#BeatPlasticPollution

World Environment Day is the UN’s most important day for encouraging worldwide awareness and action for the protection of our environment. In homage to World Environment Day 2018 (5 June), this blog post focuses on this year’s theme of beating plastic pollution and considers the initiatives being led and the actions being taken by environmental activists, governments, and businesses from across the plastics value chain, to tackle one of the greatest environmental challenges facing the world.

An estimated 8 million tonnes of waste plastic finds its way into the oceans every year. The issue of plastic pollution is not revolutionary however it has gained traction in recent years with governments across the world moving to implement policies to tackle the problem, in response to growing public concerns over plastics polluting oceans and damaging marine wildlife. Businesses are also addressing the issue, particularly in response to the public’s reaction to the shocking images of marine pollution in the BBC documentary series Blue Planet II. 

What has happened so far?

In 2015, the UK government introduced the 5p charge on plastic carrier bags by all retailers with over 250 employees.  

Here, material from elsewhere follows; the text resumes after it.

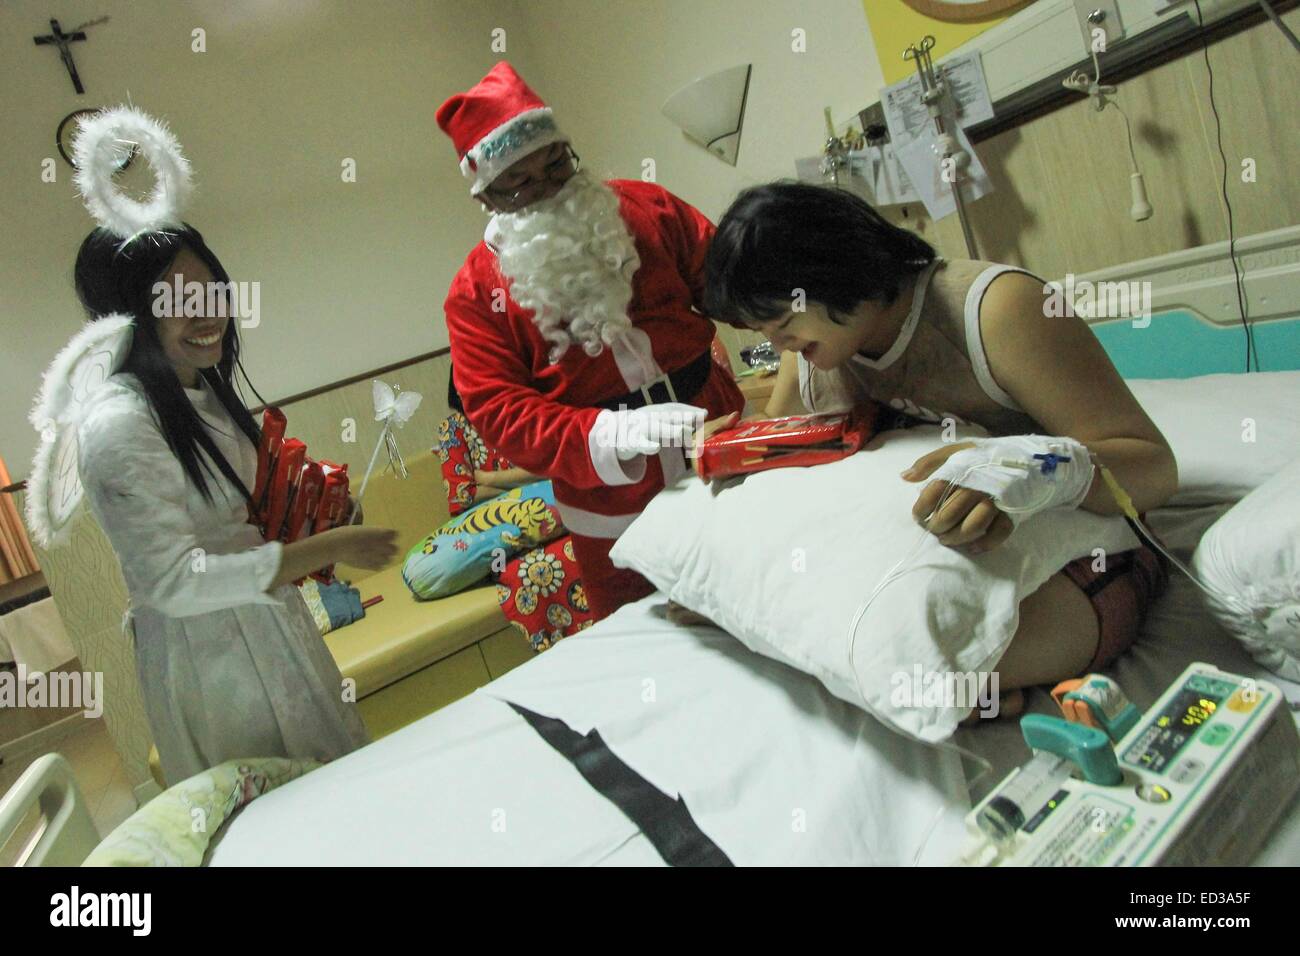 Semarang, Indonesia. 25th Dec, 2014. A man dressed as Santa Claus gives a patient presents for Christmas at St. Elisabeth hospital in Semarang, Indonesia, Dec. 25, 2014. Credit:  Dhana Kencana/Xinhua/Alamy Live News Stock Photo

On 9 January this year, the ban on manufacturing products containing plastic microbeads entered into force, with the ban on sales of such products to follow in July of this year. The UK government first pledged to ban plastic microbeads in September 2016, following a US ban in 2015. 

In addition, at the beginning of this year, Theresa May set out the Conservative party’s 25-year plan to improve the environment which included a vow to eliminate avoidable plastic waste by the end of 2042. 

Also in January this year, the European Commission adopted the European Strategy for Plastics in a Circular Economy intended to help protect the environment and reduce marine litter.  

In April, the Waste and Resources Action Programme (WRAP) launched The UK Plastics Pact, part of the international initiative, The Plastics Pact. Each plastics pact aims to (i) eliminate unnecessary and problematic single-use plastic packaging, and (ii) redesign all plastic packaging to be reusable, recyclable, or compostable. Each pact also pledges to increase the collection and recycling of plastic packaging, as well as the recycled content used in plastic packaging. The UK Plastics Pact brings together more than 40 companies (including retailers, brands, manufacturers, producers, recyclers) that pledge to transform the UK plastic packaging sector by 2025. 

In May, the Commission proposed new EU-wide rules to impose a ban on the 10 single-use plastic products (including cotton buds, cutlery, plates, straws, drink stirrers and sticks for balloons) that constitute 70% of all marine litter items, by 2021. 

Next steps

The ban on certain single-use plastic products and removal of unnecessary plastic packaging from retailers’ ‘shelves’ is seen by environmental activists as a positive move in reducing the flow of plastics into the environment. However, it is lobbied that retailers and manufacturers need to move quickly to phase out unnecessary plastic packaging and that more also needs to be done on a global scale to increase recycling methods and technologies, and educate consumers on what is and isn’t recyclable.